As harvest approaches, Tearfund's Gideon Heugh reflects on why dirt should be celebrated.
I stared at the weeds, the weeds stared at me – a suburban standoff. My t-shirt was sticky with sweat, my back was sore, and my skin was starting to turn the angry red of sunburn. This was my first day of gardening. And I was loving it.
Last summer, my wife and I moved out of our one bed flat in south-west London in search of more space. We were planning on starting a family, and dreamt of our children having a garden to explore, digging up worms that they hopefully wouldn’t eat.
We had found a terraced house in a leafy suburb with a small garden. But there was a problem: it had a major bindweed infestation.
Bindweed is the Terminator of the weed world. It mercilessly smothers other plants, twisting itself around their stems. Its roots can penetrate up to five metres into the ground, and if even a few centimetres of the root system is left in the soil, it will regenerate. Our new garden was covered in it.
It took two weeks of hard manual labour to clear it all, during which time I got very well acquainted with the soil. This isn’t something that usually happens in our increasingly urbanised lives. Our culture does its best to avoid dirt. We live in the most sanitised civilization in history, and as I put my hands into the soil among the weeds and the worms, I started to wonder if we are poorer for it.
Divine dirt
In the Genesis story, God forms the first human out of dirt. The name Adam (man in Hebrew) is from ‘adamah’, meaning ground. The organic matter in soil, ‘humus’ (not to be confused with the chickpea-based dip), has the same linguistic root as human, both from a word meaning earth.

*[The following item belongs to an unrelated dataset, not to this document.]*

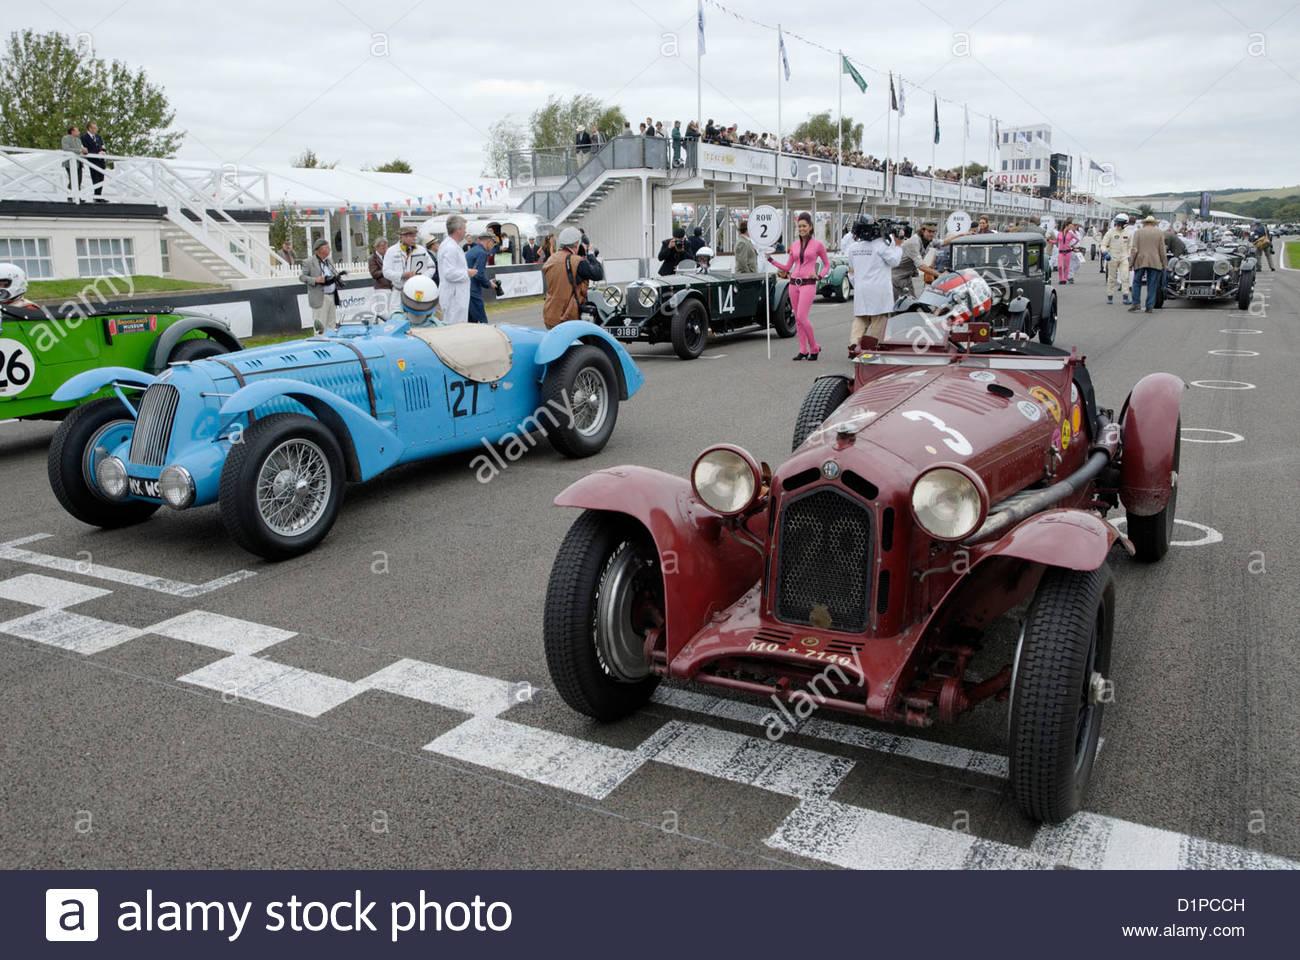 Alfa Romeo 8 c 2300 Monza und Talbot-Lago Typ 26SS an der Startline für die Brooklands-Trophy in Goodwood Revival Stockbild
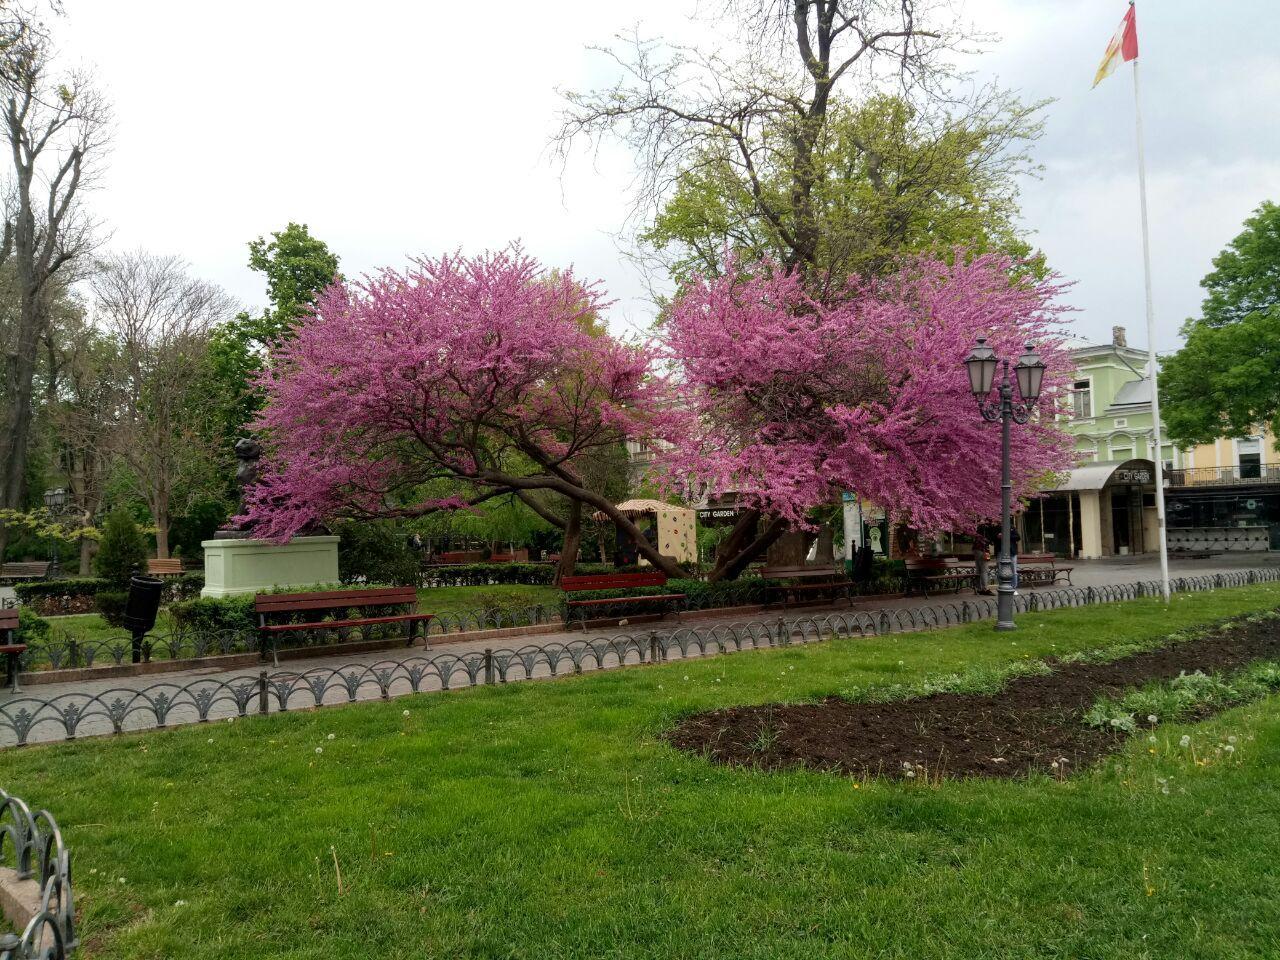 Иудино дерево в цвету до того, как оно сломалось. Фото— Ginger Q.

We are intrinsically linked to the ground beneath our feet – we depend on it for our survival: we need food to live, and food needs soil to grow. Yet the modern world is doing its best to sever this link.
Think of the last meal you had. Where did it come from? Not the shop or restaurant – where was the food actually grown? If you had meat, where did those animals live? These days, a lot of us probably don’t know the answers to those questions.
Wendell Berry, the poet, philosopher and farmer (now there’s a job title) said that ‘eating is an agricultural act’. Everything we eat was farmed by someone, somewhere.